A tritrium gas target is bombared with a beam of monoenergetic protons of kinetic energy `K_(1) =3 MeV` The `KE` of the neutron emiited at `30^(@)` to the inicdent beam is `K_(2)` ? Find the value of `K_(1)//K_(2)` (approximately in whole number). Atomic masses are `H^(1) =1.007276 amu`, `n^(1)=1.008665 amu`, `._1 H^3=3.016050 amu`, `._2He^3=3.016030 amu`.
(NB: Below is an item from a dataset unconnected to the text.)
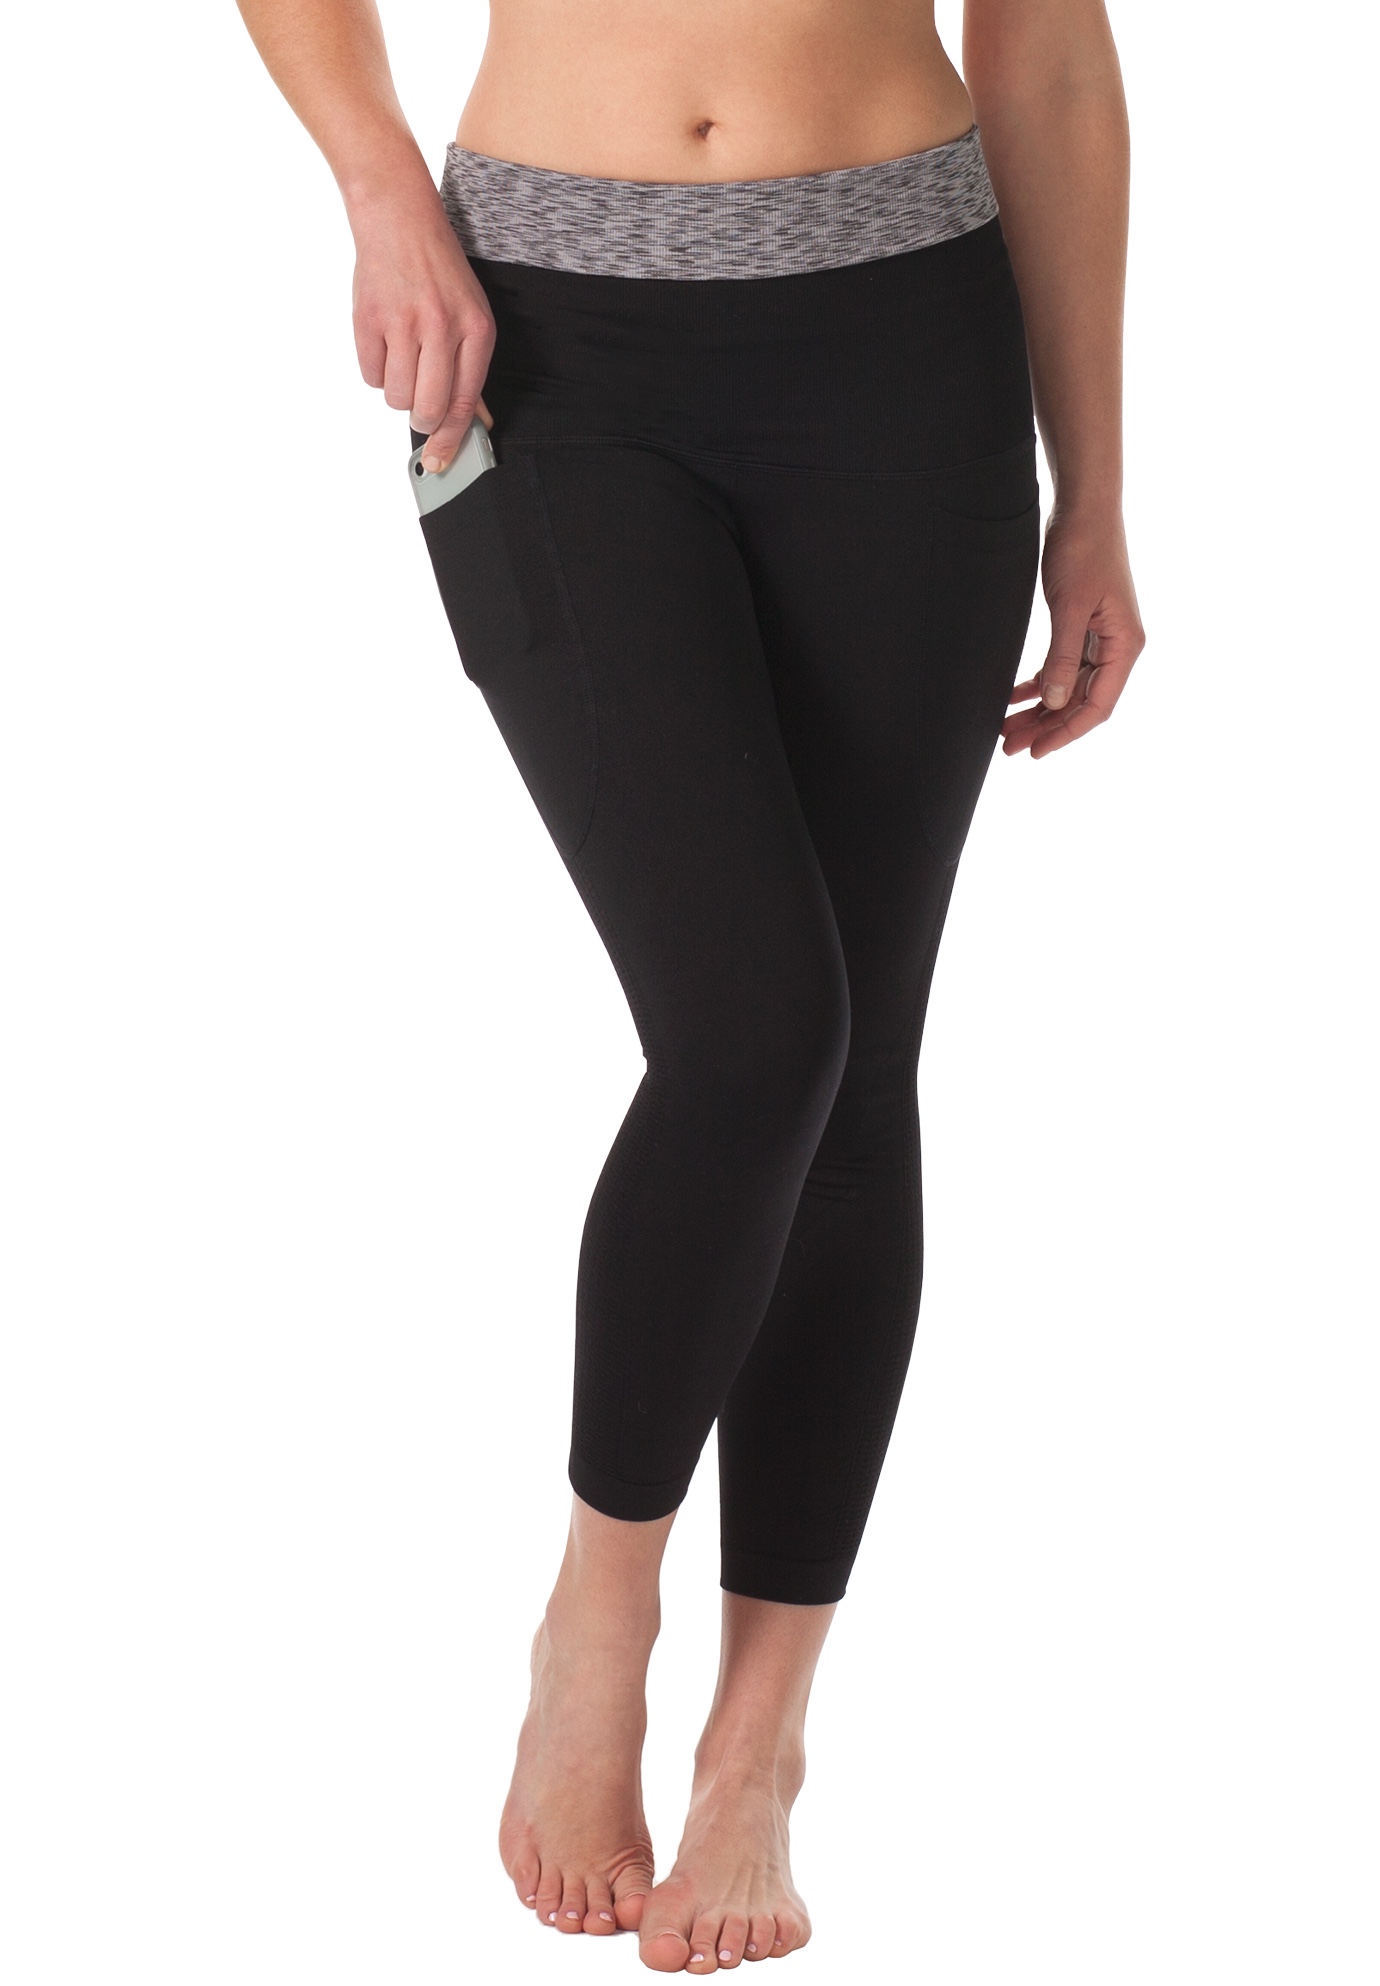 MOTHERS ESSENTIALS Postpartum High Waist Tummy Compression Control Slimming  Leggings (XSmall, Black) at Amazon Women's Clothing store

To solve the problem, we need to analyze the nuclear reaction that occurs when a tritium gas target is bombarded with protons. The reaction can be represented as follows: 1. **Identify the Reaction**: The reaction can be written as: \[ ^3_1H + ^1_1p \rightarrow ^3_2He + n \] where \( ^3_1H \) is tritium, \( ^1_1p \) is a proton, \( ^3_2He \) is helium-3, and \( n \) is a neutron. 2. **Calculate the Mass Defect**: The mass defect (\( \Delta m \)) is calculated using the atomic masses provided: \[ \Delta m = (m_{H} + m_{T}) - (m_{He} + m_{n}) \] Substituting the values: \[ m_{H} = 1.007276 \, \text{amu}, \quad m_{T} = 3.016050 \, \text{amu}, \quad m_{He} = 3.016030 \, \text{amu}, \quad m_{n} = 1.008665 \, \text{amu} \] \[ \Delta m = (1.007276 + 3.016050) - (3.016030 + 1.008665) \] \[ \Delta m = 4.023326 - 4.024695 = -0.001369 \, \text{amu} \] 3. **Convert Mass Defect to Energy**: We convert the mass defect to energy using the conversion factor \( 1 \, \text{amu} = 931.5 \, \text{MeV} \): \[ E = \Delta m \times 931.5 \, \text{MeV} \] \[ E = -0.001369 \times 931.5 \approx -1.274 \, \text{MeV} \] Since the energy is negative, it indicates that this is an endothermic reaction, meaning energy must be supplied for the reaction to occur. 4. **Calculate the Kinetic Energy of the Neutron**: The kinetic energy of the emitted neutron (\( K_2 \)) can be calculated using conservation of momentum and energy. The neutron is emitted at an angle of \( 30^\circ \) to the incident beam. We can use the following formula: \[ K_2 = \sqrt{u^2 + v^2} \] where \( u \) and \( v \) are derived from the conservation laws. 5. **Calculate \( u \)**: \[ u = \sqrt{\frac{m_H \cdot m_n \cdot K_1}{m_{He} + m_n}} \] Substituting the values: \[ K_1 = 3 \, \text{MeV}, \quad m_H = 1.007276 \, \text{amu}, \quad m_n = 1.008665 \, \text{amu}, \quad m_{He} = 3.016030 \, \text{amu} \] \[ u = \sqrt{\frac{1.007276 \cdot 1.008665 \cdot 3}{3.016030 + 1.008665}} \cdot \cos(30^\circ) \] \[ u \approx 0.375 \] 6. **Calculate \( v \)**: \[ v = \sqrt{\frac{K_1 \cdot (m_{He} + m_H)}{m_{He} + m_n + m_H}} \] Substituting the values: \[ v \approx 0.542 \] 7. **Final Calculation of \( K_2 \)**: \[ K_2 = \sqrt{u^2 + v^2} \approx \sqrt{(0.375)^2 + (0.542)^2} \approx 1.2 \, \text{MeV} \] 8. **Calculate the Ratio \( \frac{K_1}{K_2} \)**: \[ \frac{K_1}{K_2} = \frac{3 \, \text{MeV}}{1.2 \, \text{MeV}} \approx 2.5 \] Thus, the approximate value of \( \frac{K_1}{K_2} \) is **2.5**.